1

My goal is to insert VERY large csv's, so right not I use the csv streaming like so:

            var myCollection = db.collection(myCollectionId);

            var q = async.queue(Collection.insert.bind(myCollection), 10);

            csv()
            .from.path(myFilePath, {columns: true}) 
            .transform(function(data, index, cb){

                    q.push(data, function (err, res) {
                        if (err) return cb(err);
                        cb(null, res[0]);
                    });

            })
            .on('end', function () {

                q.drain = function() { 

                       //do some stufff
                };

            })
            .on('error', function (err) {
                res.end(500, err.message);
                console.log('on.error() executed');
            });

        });

But when files get REALLY large, like 70M+ and it's streaming them, my server is very slow and it takes forever, and when i try to load pages on the website its lethargic during this process.

Why is it not possible to execute a mongo insert using cron-job like this. I ask because the same insert takes maybe 30 seconds from the mongo command line.

P.S. Don't mind the readFile and lines part, I am doing that because I want to test for when all the lines have been inserted into the collection after the process is started (haven't implemented this yet).

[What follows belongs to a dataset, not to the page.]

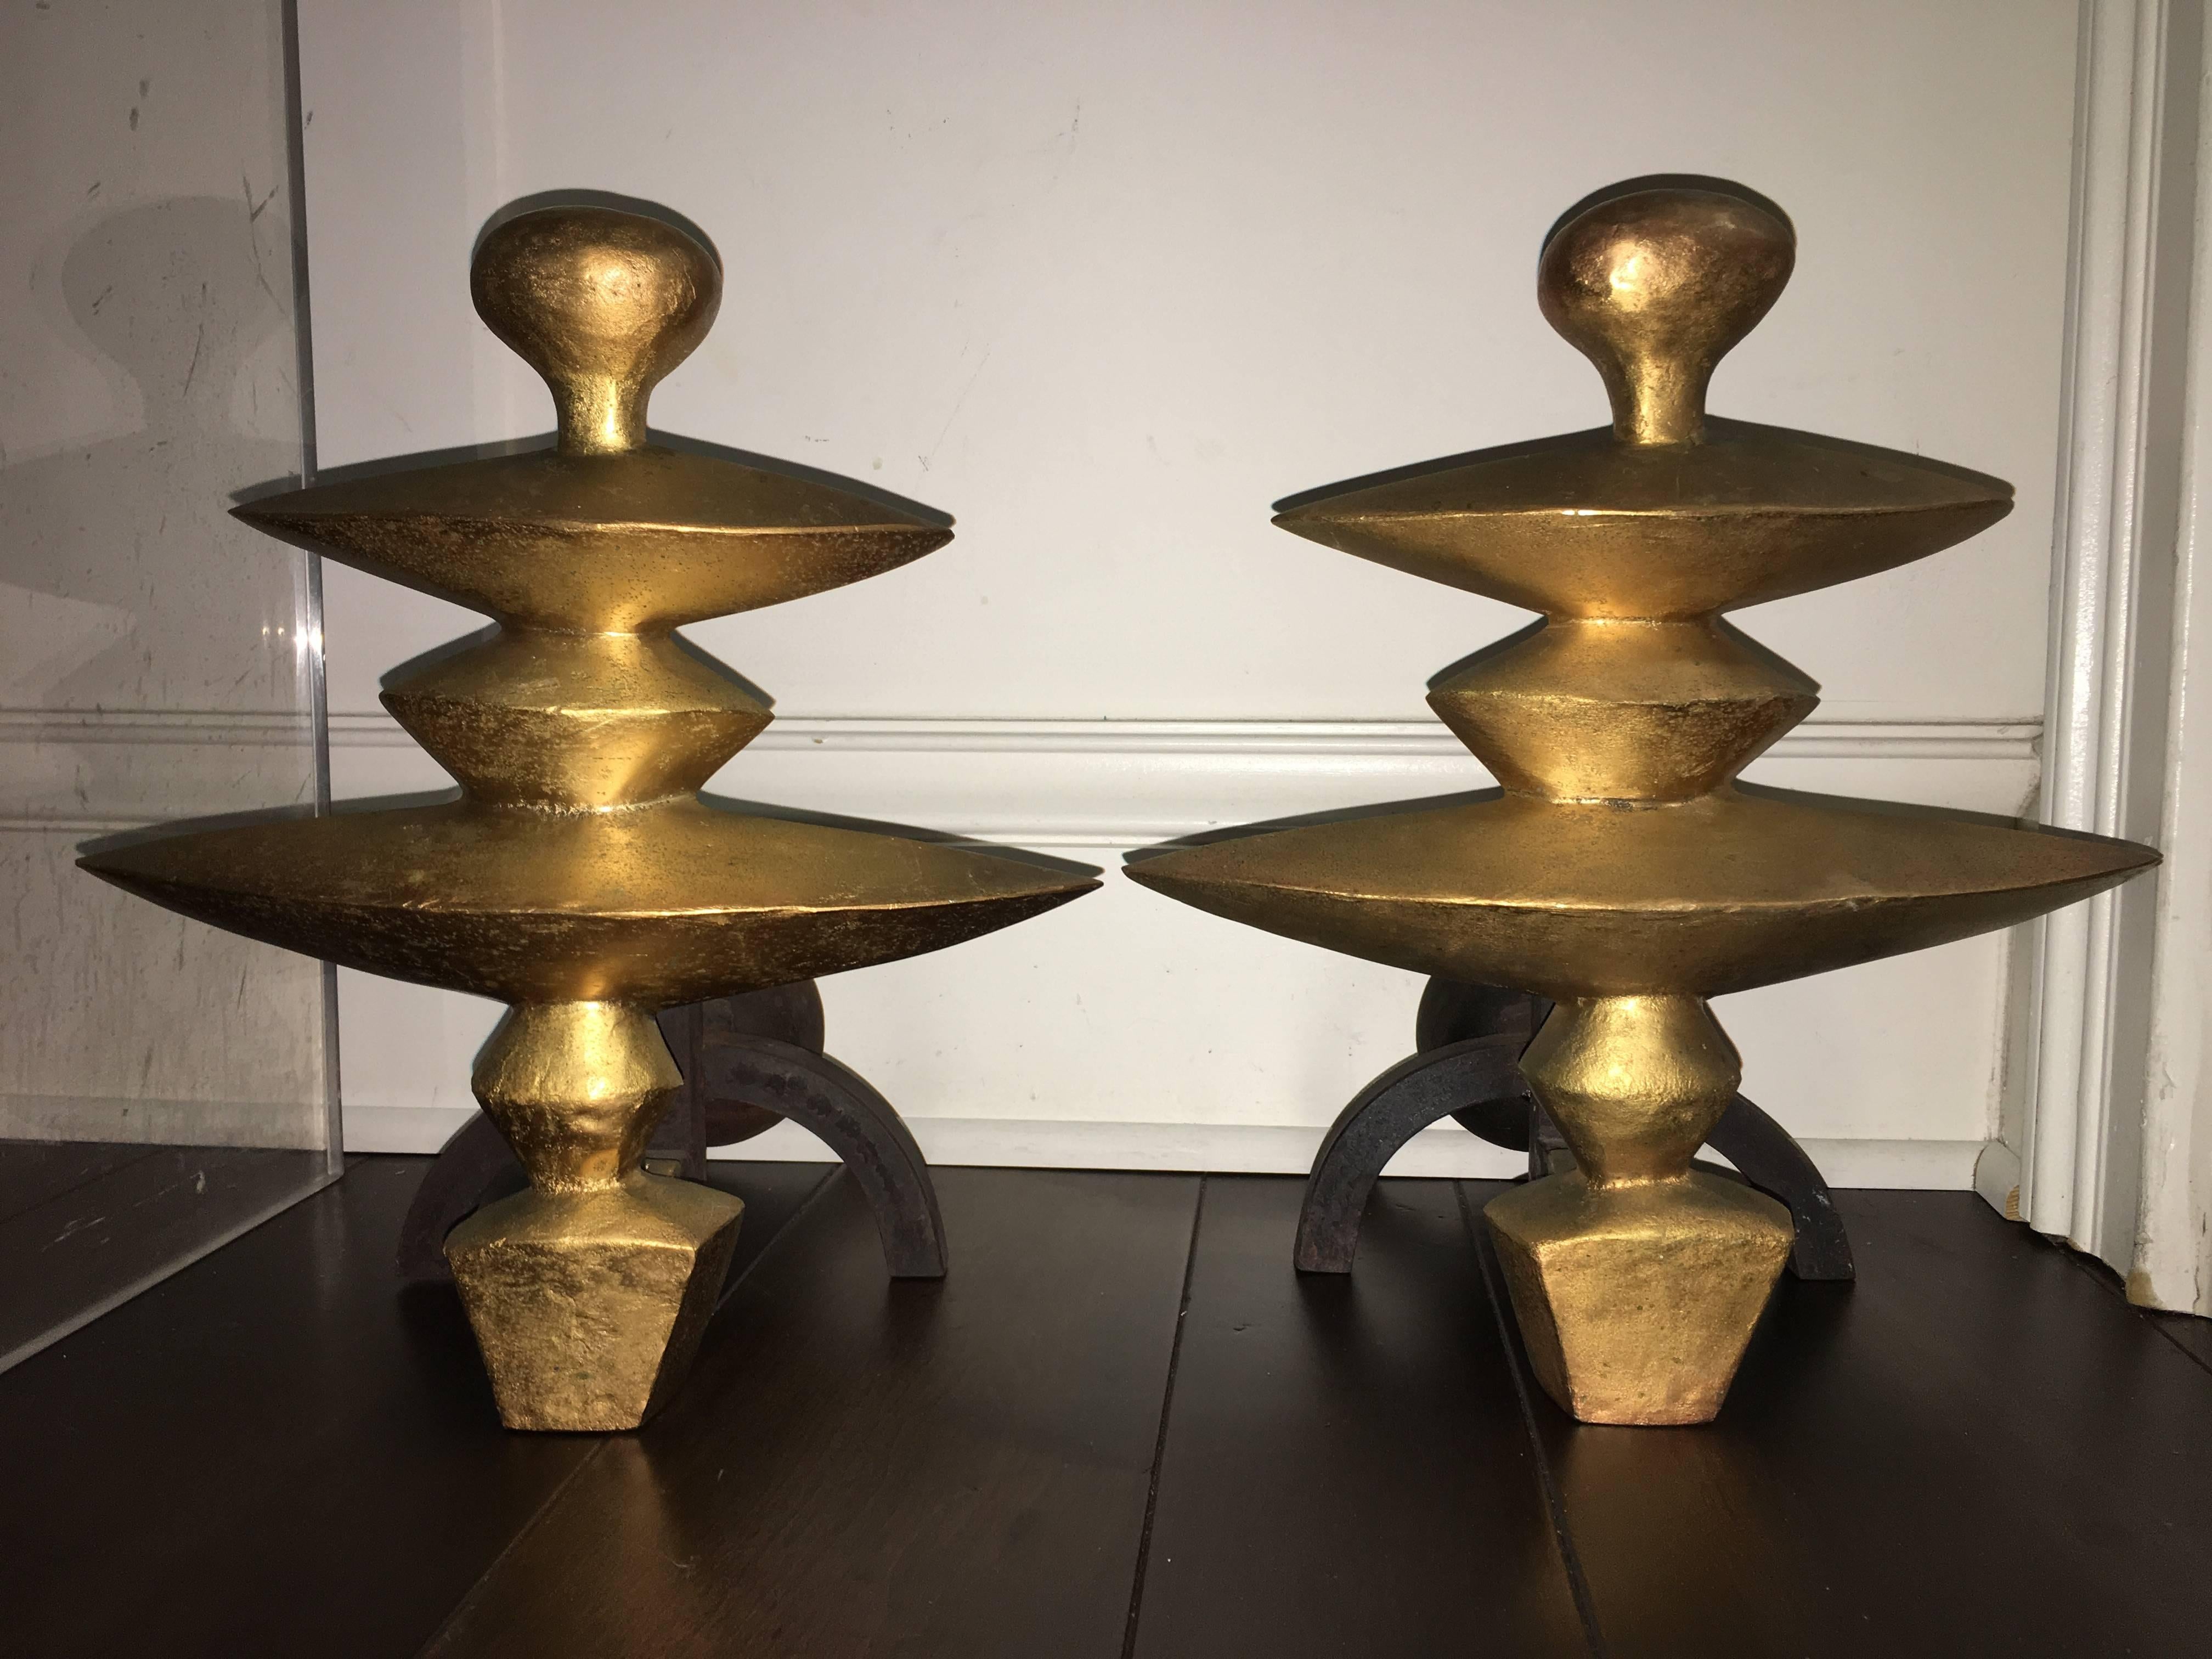 A pair of hard to find Andirons designed by Giacometti and produced in 1978 for Nelson Rockefeller Collection. Comprised of gold gilded bronze with iron back weights. Signed and dated C 1978 NR.

var cronJob = require('cron').CronJob;
var spawn = require('child_process').spawn; 
var fs = require('fs');
function MongoImportEdgeFile(dataID, filePath){

var scriptPath = "/local/main/db/mongodb-linux-x86_64-2.4.5/bin/mongoimport";
console.log("script path = "+scriptPath)
var output = "";

 fs.readFile(filePath, 'utf-8',function(err, data) {

        if (err){
            console.log(err)
            throw err;
        }

        //console.log('data = '+data);
        var lines = data.split('\n');
        console.log("total lines in file = " + lines);

        var job = new cronJob(new Date(), function() {
            // store reference to 'this', which is cronJob object.  needed to stop job after script is done executing.
            var context = this;

            // execute R script asynchronously
            var script = spawn(scriptPath, [" -d mydb -c Data_ForID_" + dataID + " --file " + filePath + " --type csv" ]);
            console.log("Executing R script via node-cron: " + scriptPath);

            // script has finished executing, so complete cron job and fire completion callback
            script.on('close', function() {
                console.log('inside script.on(close, function() for import');
                context.stop();
            });
        }, function() {
            // callback function that executes upon completion
            console.log("Finished executing import");

        }, true);

   });

}

SOUser
  • 610
  • 1
  • 11
  • 25

2 Answers2

1

You shouldn't use individual insert calls. You're forcing mongo to perform internal sync with each call -- I think it's even worse given your parallel approach.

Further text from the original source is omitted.